Kini, kasus tersebut belum selesai dan warga Dago Elos tetap mempertahankan hak atas tanah yang sudah ditinggali puluhan tahun.
Wadas
Konflik agraria di Wadas terjadi pada Februari 2022. Saat itu kepolisian menangkap sejumlah warga Desa Wadas, Kabupaten Purworejo.
Hal itu terjadi ketika ratusan aparat kepolisian hendak melakukan pengukuran lokasi rencana pembangunan material untuk Bendungan Bener. Setidaknya kepolisian menangkap 40 orang warga Wadas.
Konflik bermula pada 2013 ketika warga Wadas telah mendengar akan ada pembangunan bendungan di daerah Purworejo.
Pada 2015, perusahaan swasta melakukan pengeboran di dua lokasi dengan kedalaman 75 sampai 50 meter di Desa Wadas.
Penangkapan terhadap warga Wadas yang menolak pembangunan Bendungan terjadi pada September 2019. Menurut rilis LBH Yogyakarta setidaknya polisi menangkap 11 warga Wadas.
Kinipan
Konflik agraria di Kinipan, Kalimantan terjadi ketika PT Sawit Mandiri Lestari hendak melakukan membuka hutan (land clearing) dengan menebang banyak pohon ulin di awal 2018. Dari situ, terjadi konflik antara Sawit Mandiri Lestari dengan warga Kinipan.
Kendeng
Konflik agraria yang terjadi di Kendeng disebabkan PT Semen Indonesia hendak melakukan pembangunan dan pengoperasian pabrik semen di Kabupaten Rembang.

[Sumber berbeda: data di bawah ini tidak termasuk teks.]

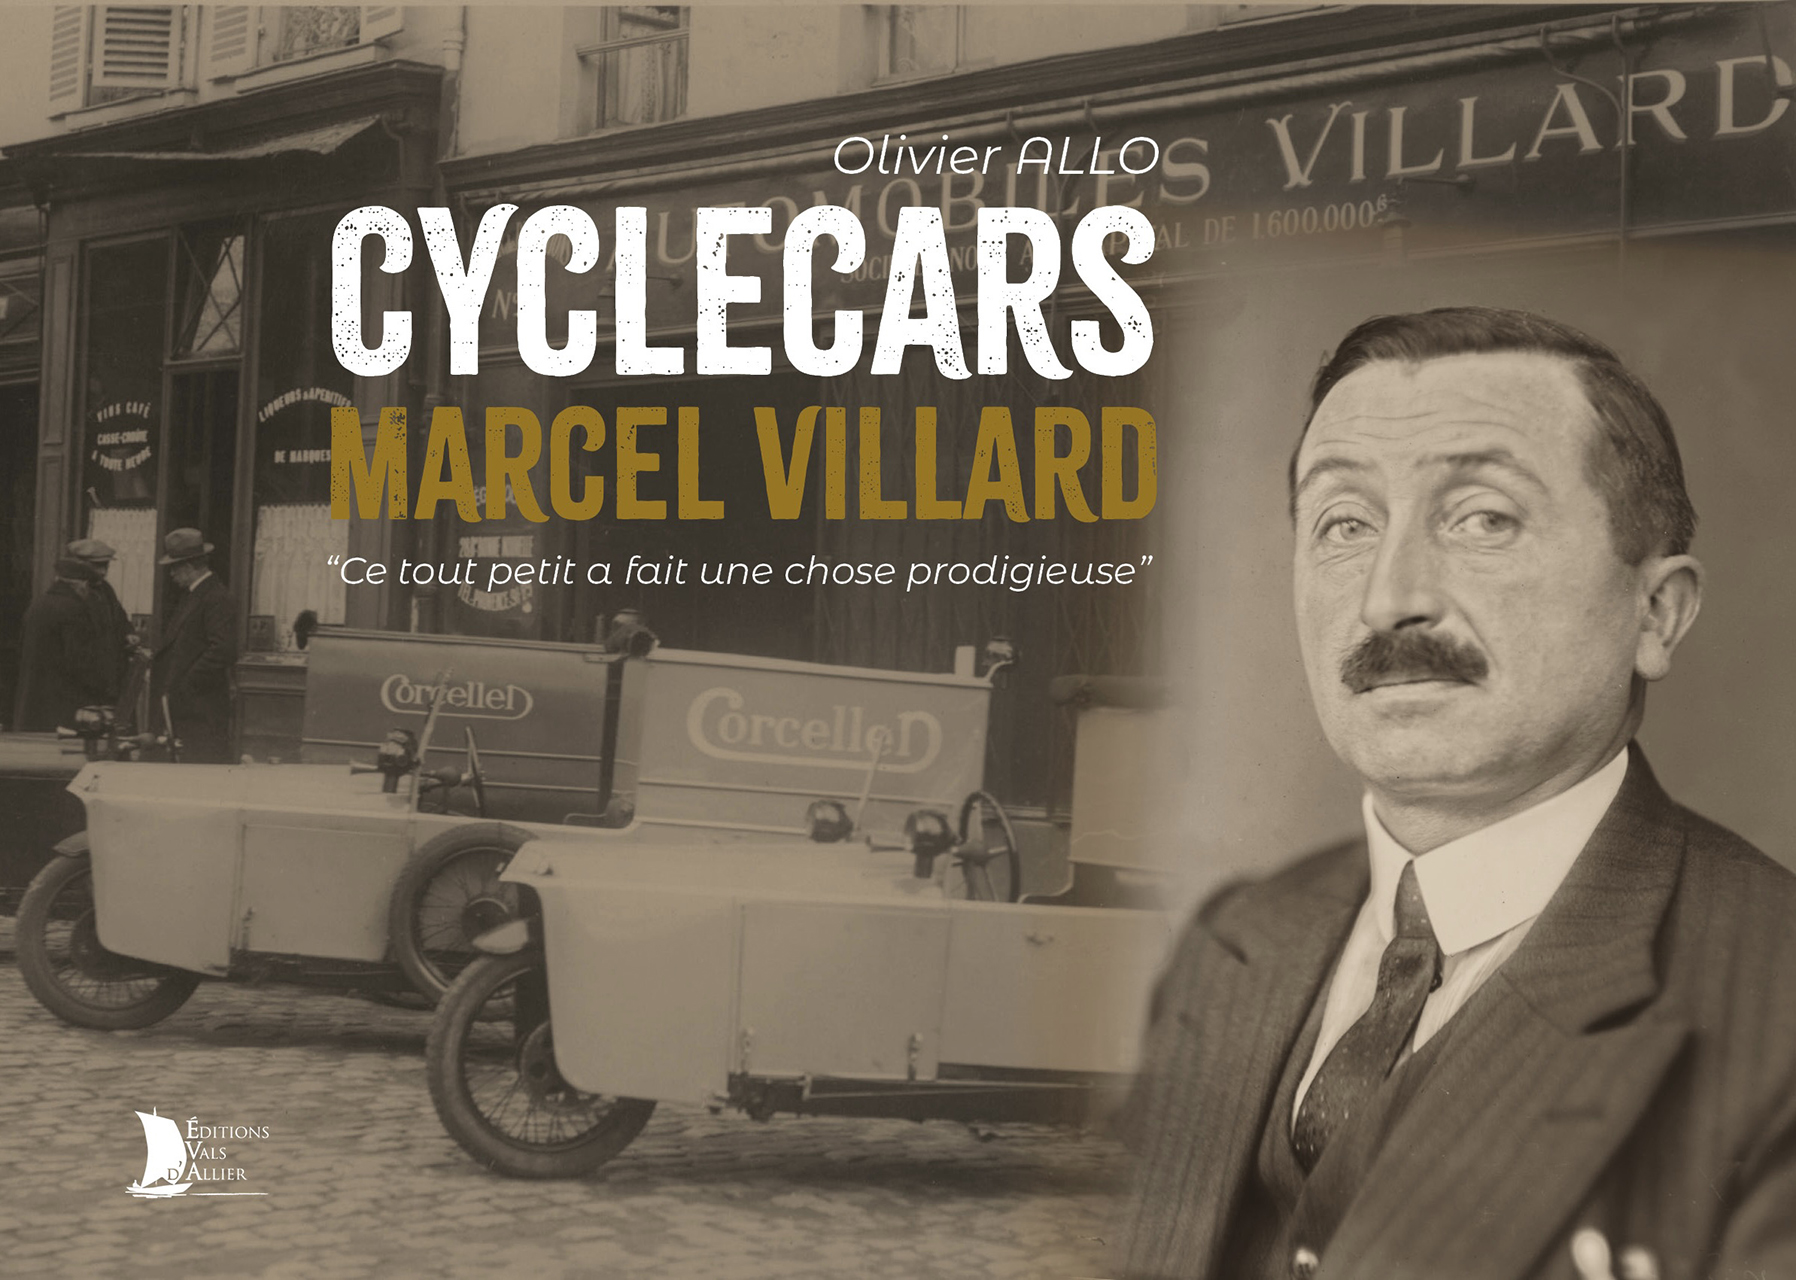 Cyclecars marcel villars
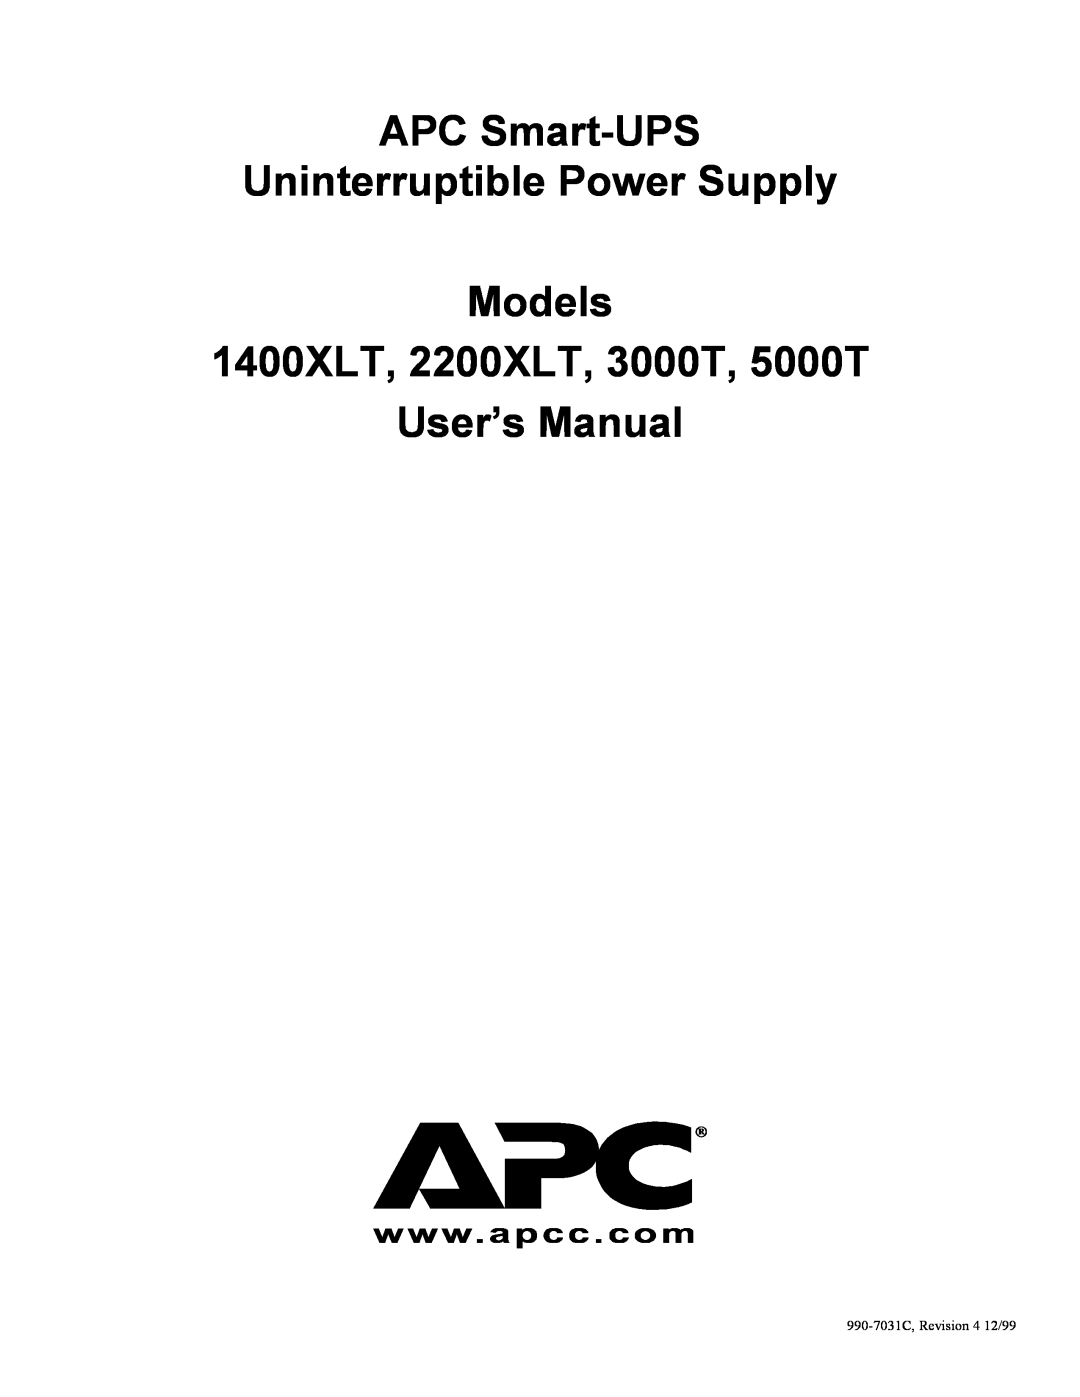 American Power Conversion 2200XLT, 5000T, 3000T, 1400XLT user manual APC Smart-UPS Uninterruptible Power Supply Models

Dilansir dari Koran Tempo, konflik Kendeng bermula ketika PT Semen Indonesia mendapatkan izin penambangan kapur di Pegunungan Kendeng.
Pulau Rempang
Terbaru, konflik agraria terjadi di Pulau Rempang pada 8 September 2023, disebabkan oleh pengaruh sistem pengelolaan tanah di Batam yang berbeda dari wilayah di Indonesia lain.
Dilansir dari Koran Tempo, hal itu bermula sejak hadirnya Badan pengusahaan Kawasan Perdagangan dan Pelabuhan Bebas Batam (BP Batam) sebagai Otorita Batam.
Otorita itu memiliki hak pengelolaan atas seluruh tanah di wilayah tersebut. Pulau Rempang menjadi salah satu pulau yang dikelola BP Batam.
Dalam laporan Majalah Tempo, Pulau Rempang hendak dikosongkan untuk membuat proyek Rempang Eco City. Pulau itu sendiri dianggap sebagai kawasan hutan meskipun dihuni oleh sekira 7.500 penduduk.
Konflik agraria di Pulau Rempang memperpanjang catatan konflik agraria yang melibatkan kekerasan di Indonesia. Konsorsium Pembaruan Agraria (KPA) telah mencatat setidaknya terdapat 212 konflik agraria sepanjang 2022.